- Genre: Documentary
- Directed by: Ric Esther Bienstock Mick Grogan Hugo Smith
- Starring: Penn & Teller
- Country of origin: United Kingdom
- Original language: English
- No. of series: 1
- No. of episodes: 3

Production
- Production locations: China Egypt India
- Running time: 50 minutes

Original release
- Release: 10 September – 24 September 2003

= Penn & Teller's Magic and Mystery Tour =

Television series

Penn & Teller's Magic and Mystery Tour is a 2003 television documentary miniseries starring Penn & Teller. The program was created by the CBC in association with Channel 4 Film. Ric Esther Bienstock was series producer and writer. She also directed the China episode.

The show focuses on street magic, and the subjects of each of the three shows are China (Chinese Linking Rings), India (Indian Rope Trick), and Egypt (Cups and Balls, Gali-Gali men). Unusually for Penn and Teller, Teller speaks in the Egypt episode, even though part of their trademark performance is that Penn does all the speaking.

==China==
This episode begins in Beijing, which, until the 1949 Revolution, had an extensive history of street magic. Modern day "street magic" is performed in teahouses. Besides the basic sleight of hand work (e.g. Cups and Balls), two tricks with historic ties are demonstrated.

The first trick involves a man who produces various glass bowls filled with water from beneath a large robe. These bowls are of all shapes and sizes, often also contain flowers, and several are quite elaborate; one produced set is a stack of seven bowls of diminishing size.

The second is a mask trick, known as Bian Lian, derived from Sichuan opera. The magician, in fractions of a second (the video is not fast enough to register the changes), alters the mask he wears. The performer has ten different masks, and also uses his normal face as a "mask" in the performance.

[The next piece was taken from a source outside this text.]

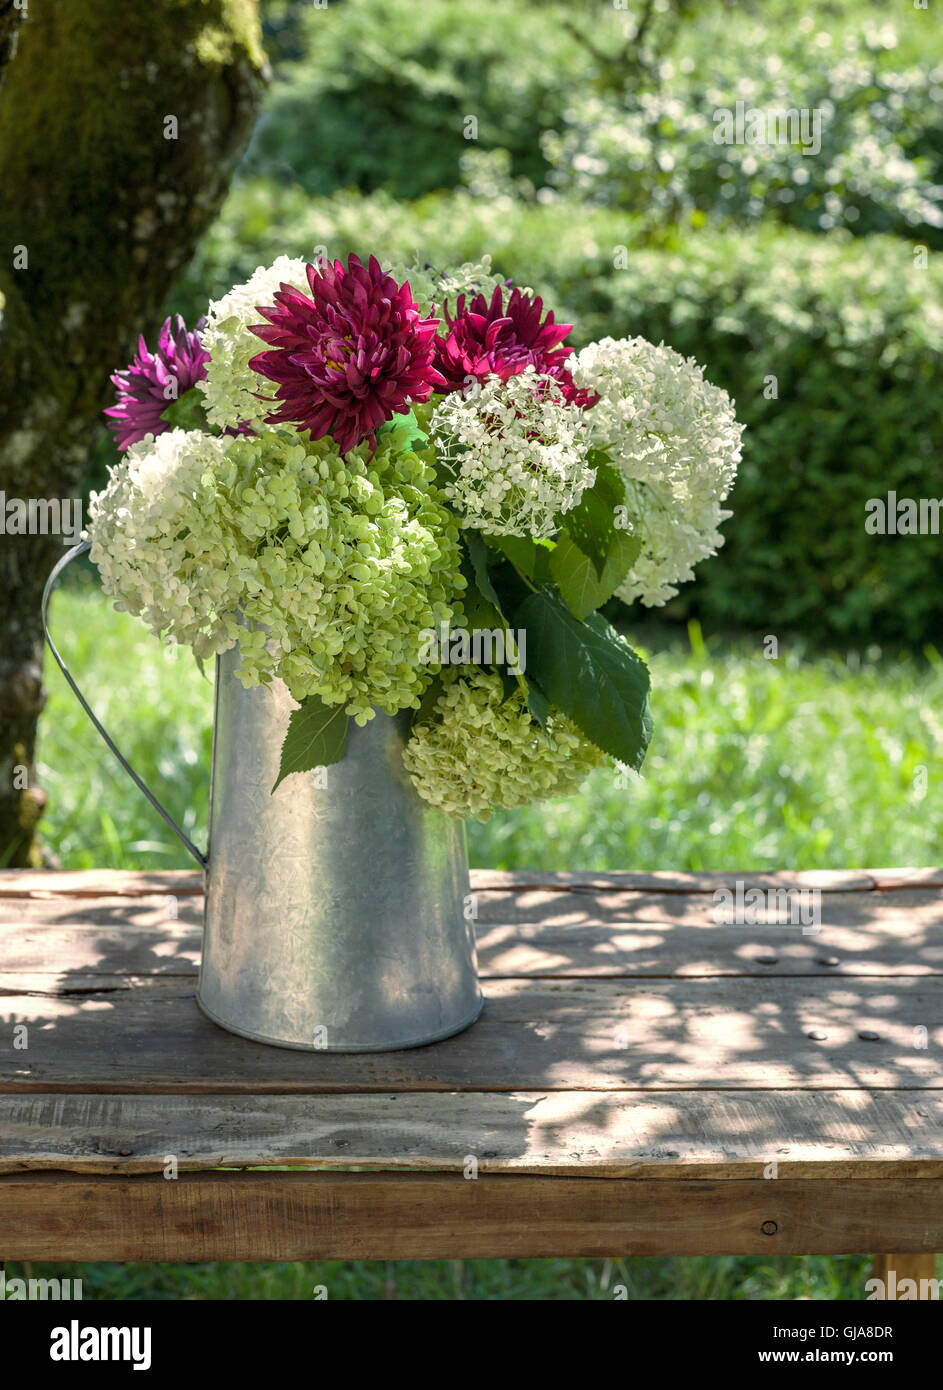 Hydrangeas on garden table Stock Photo

Their next stop is an acrobatics school in Wuqiao, where a "master" is teaching a class of late-year students various basic tricks.

After their trip to the acrobatics school, a place where many of these students will end up is displayed: an empty (and unheated, even in the dead of winter) "Acrobatics World". The performers, be they acrobatics performers or magicians, perform quite admirably, for no audience (save Penn, Teller, and their camera crew).

Finally, the duo proceed to Wanking, China, a small town in the hinterlands, where a great many residents perform some form of magic. When a family prepares to go to the town center to perform, Teller asks to perform a trick.

==India==
In India, where street magic is very alive, a family of street magicians take center stage. The tricks performed are of an exceptionally bloody nature; in one trick, a tongue is cut out. To befriend the magicians, Penn and Teller give them a stage knife that oozes blood.

Several tricks demonstrated in this episode have injury of a family member as a theme. A magician performs the Basket Trick with his son. These forms of trick are seen as an inspiration for the alleged brutality of the Indian rope trick, where a small child, most likely the magician's son, is cut up and re-formed.

A magician does, in fact, perform the Indian rope trick in front of the Taj Mahal; a rope does come out of a basket vertically, and a small child sent to climb it does so. However, the child is not injured or bloodied in any way.

The brutal versions of the rope trick seem to have come from retelling. To show this, Penn and Teller set up a "performance" where a foreign couple enters the auditorium at the end of the trick, when the rope falls down and the child miraculously comes back to life. Rumors about the rope trick started spreading both within the local community and in England, when the couple returned home.

Penn and Teller do feel that one of the actions of a certain family of street magicians in India is unethical. At the end of the performances, the street magicians attempt to sell magic rings, which the magician represents as a source of good luck or power.

==Egypt==
In an Egyptian tomb, it is alleged that a 4,000-year-old hieroglyph depicts the Cups and balls trick. Penn and Teller go to Beni Hassan to see the tomb inscriptions. They decide the scene painted is not necessarily a cups and balls performance, but it might be. However, they see paintings of juggler performances in the same tomb. Penn notes he started his career as a juggler, before becoming a magician; and "jugglers always seem to arrive before magicians."

The majority of this episode is in search of the Gali-Gali men, a group of magicians with an extensive history made popular in the West by Luxor Gali-Gali. They film several Gali-Gali shows and visit the relatives of Luxor Gali-Gali. Luxor Gali-Gali's original cups, seen on The Ed Sullivan Show in 1949, are still in use by his descendants in Cairo.

In this episode, Penn and Teller perform their particular version of the Cups and Balls in the tomb with the hieroglyphs using red and then clear plastic cups, concluding with the revelation of a potato.